NOT LIKE - String value does not match a pattern

String

|| - concat

Built in functions

List of Built-in SQL functions.

Numpy functions

np.*

np.* - All the functions from the numpy package are supported by default via the np.* namespace.

For example:
select np.log(total) from passengers
select np.power(np.min(size), 3) as cubed from measurements

Type cast functions

to_bool

to_bool(arg) - Casts argument to bool type.

to_float

to_float(arg) - Casts argument to float type.

to_int

to_int(arg) - Casts argument to int type.

to_str

to_str(arg) - Casts argument to str type.

Math functions

abs

abs(arg) - returns the absolute value of the numerical argument.

See: numpy.absolute

sqrt

sqrt(arg) - returns the square root of the numerical argument.

See: numpy.sqrt

cos

cos(arg) - returns the cosine of the argument.

See: numpy.cos

sin

sin(arg) - returns the sine of the argument.

See: numpy.sin

tan

tan(arg) - returns the tangent of the argument.

See: numpy.tan

power

power(arg, power) - returns the argument(s) raised to the power.

See: numpy.power

log

log(arg) - returns the natural log of the argument.

See: numpy.log

log2

log2(arg) - returns the log base 2 of the argument.

See: numpy.log2

log10

log10(arg) - returns the log base 10 of the argument.

See: numpy.log10

Math constants

e

e() - returns the e constant.

pi

pi() - returns the pi constant.

String functions

concat

concat(arg1, arg2, …) - concatenate string arguments.
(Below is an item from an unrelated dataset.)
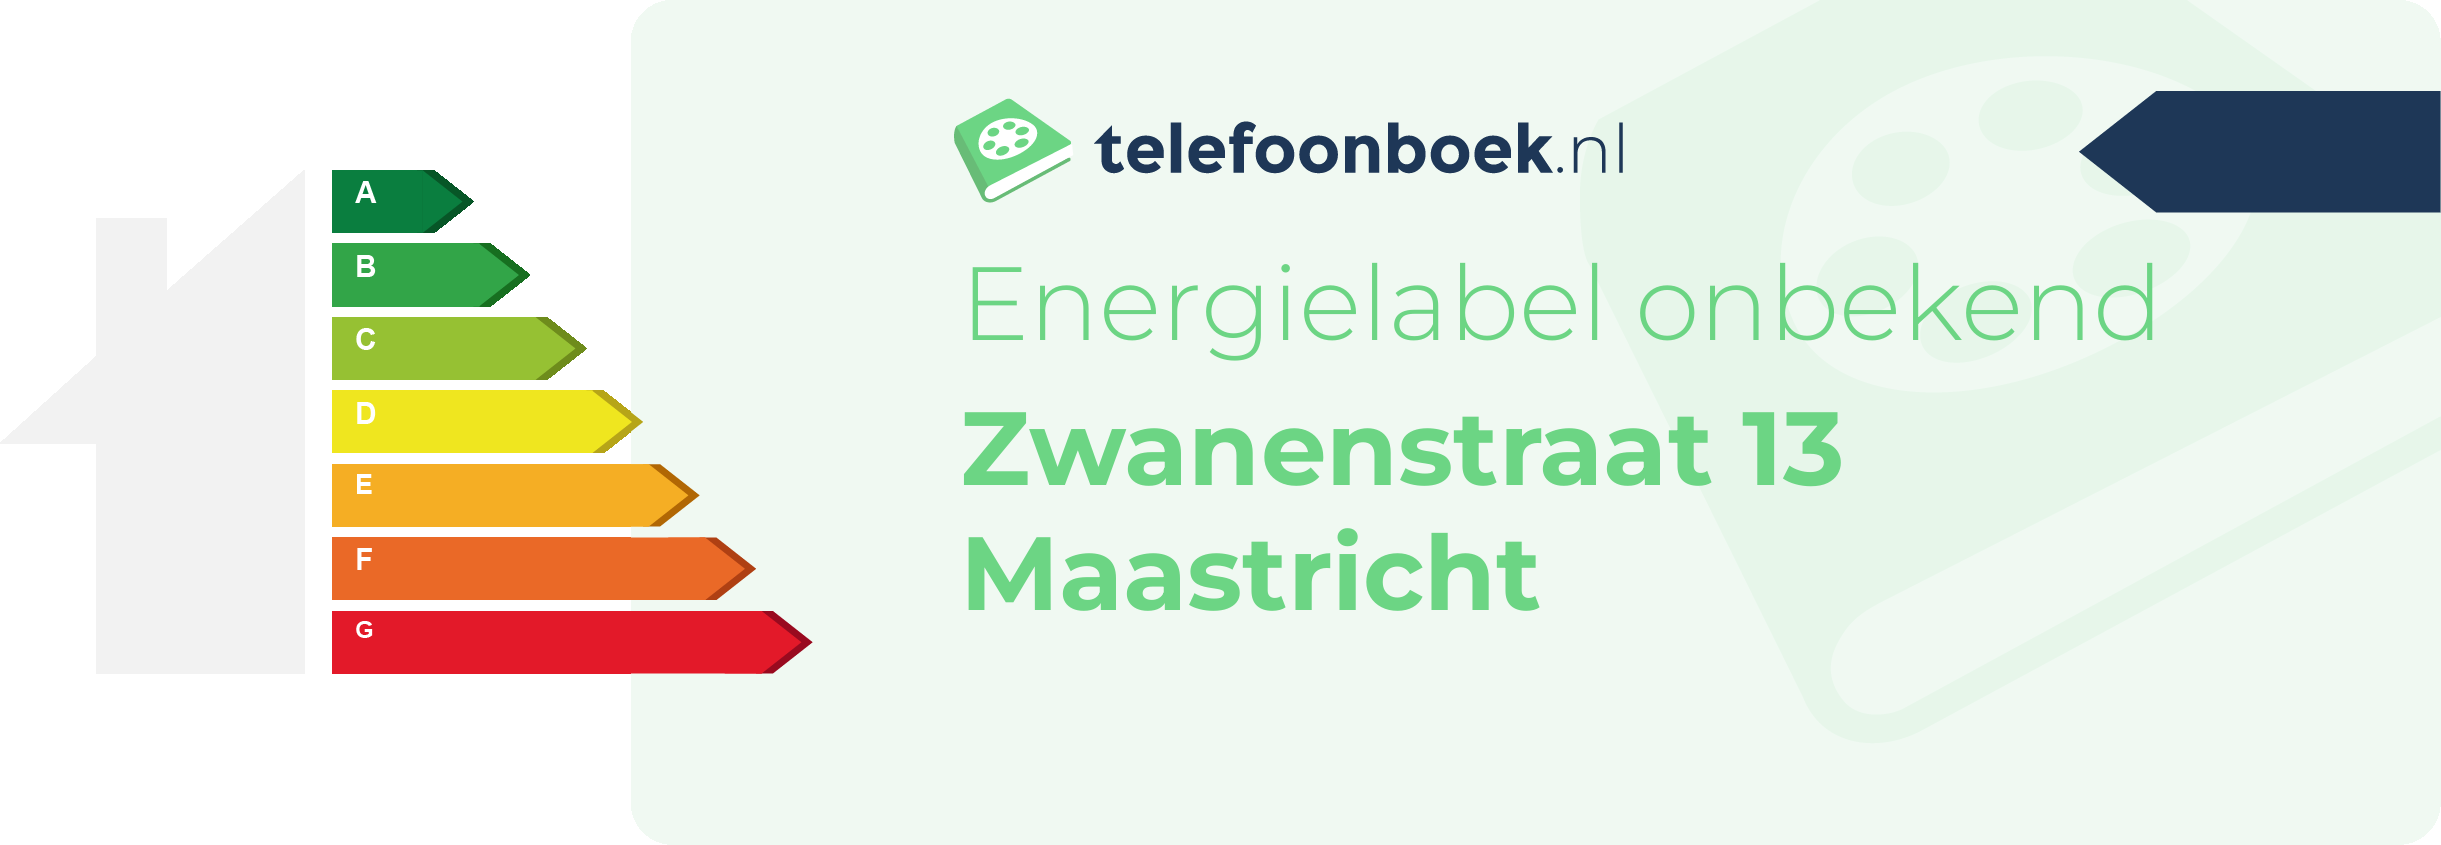 Energielabel Zwanenstraat 13 Maastricht

If argument is not a string type, would be converted to string.

See: numpy.char.add

upper

upper(arg) - convert a string to uppercase.

See: numpy.char.upper

lower

lower(arg) - convert a string to lowercase.

See: numpy.char.lower

Datetime functions

now

now() - returns current datetime.

Returns current time as a datetime with seconds resolution.

date

date(arg) - converts the argument to date type.
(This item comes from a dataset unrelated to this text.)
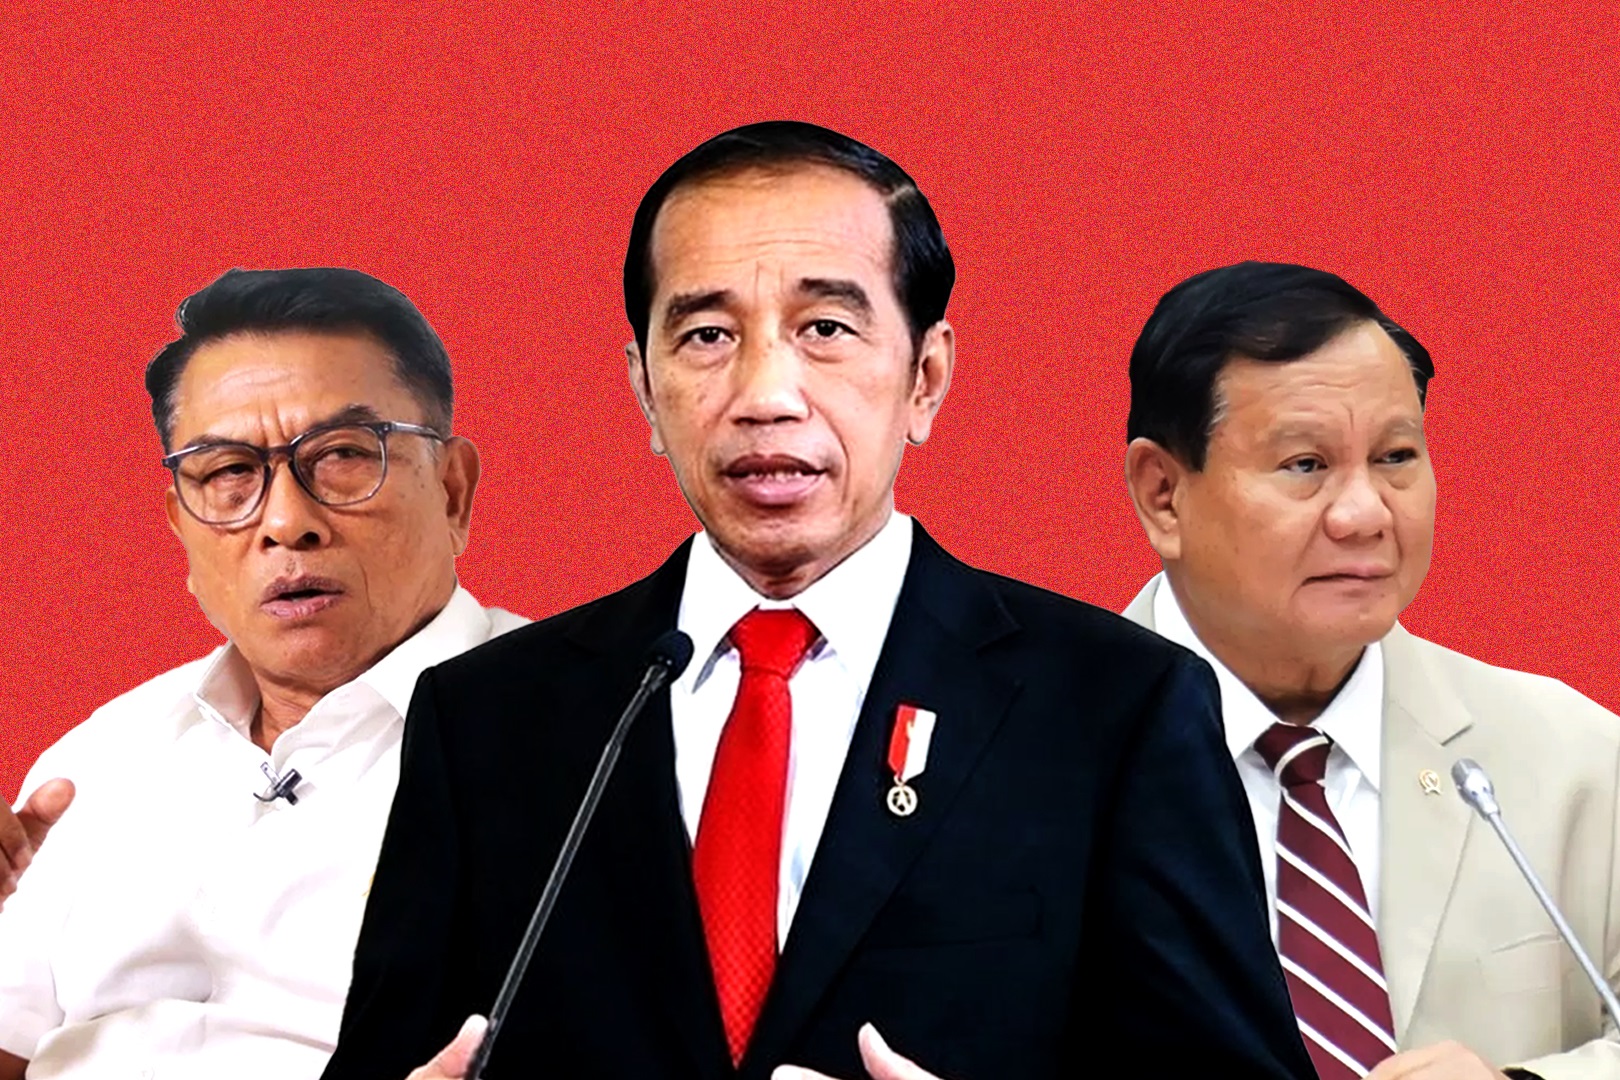 JK Sindir Jokowi Soal Netralitas, Moeldoko Bilang Begini

Input is either a string in ISO8601 format or integer timestamp.

Use date(‘now’) for current date.

See: numpy.datetime

datetime

datetime(arg, unit) - converts the argument to datetime type.

Input is either a string in ISO8601 format or integer timestamp.
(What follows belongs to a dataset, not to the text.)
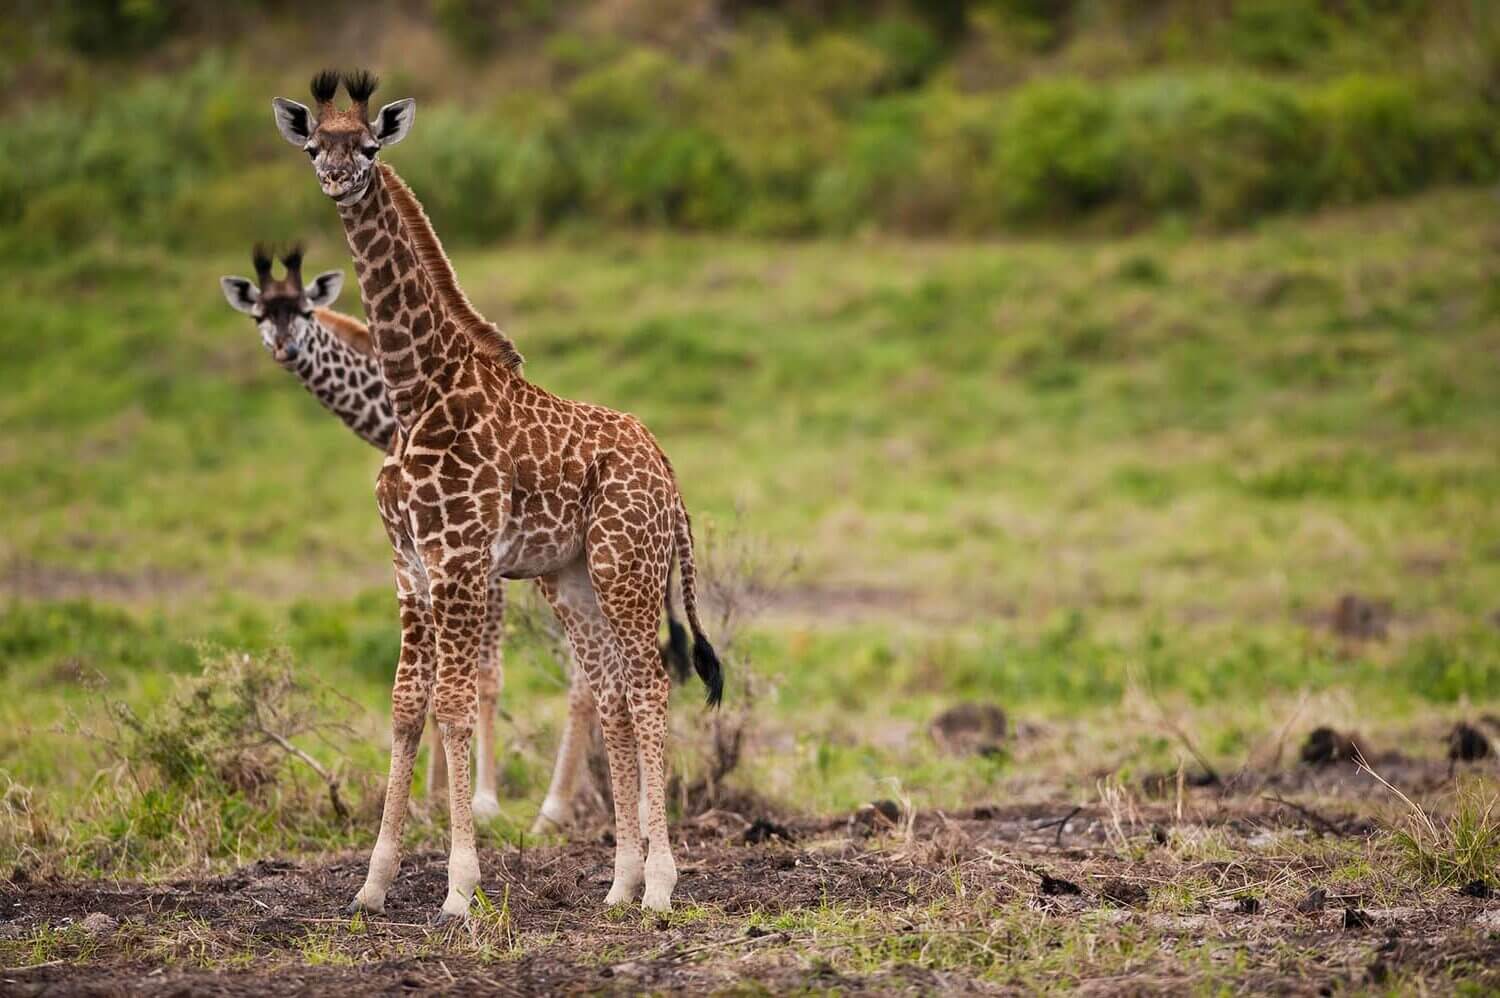 giraffe in Arusha National Park, Tanzania

Supported units are: [‘D’, ‘s’, ‘ms’, ‘us’, ‘ns’]

‘D’ - days
‘s’ - seconds
‘ms’ - milliseconds
‘us’ - microseconds
‘ns’ - nanoseconds

Use datetime(‘now’) for current datetime.

See: numpy.datetime

from_timestamp

from_timestamp(arg, unit) - converts the integer timestamp to datetime type. Argument represents integer value of the timestamp, ie number of seconds (or milliseconds) since epoch.

Supported units are : [‘s’, ‘ms’, ‘us’, ‘ns’]

‘s’ - seconds
‘ms’ - milliseconds
‘us’ - microseconds
‘ns’ - nanoseconds

See: numpy.datetime

timedelta

timedelta(arg, unit) - returns the timedelta type. Argument represents the duration.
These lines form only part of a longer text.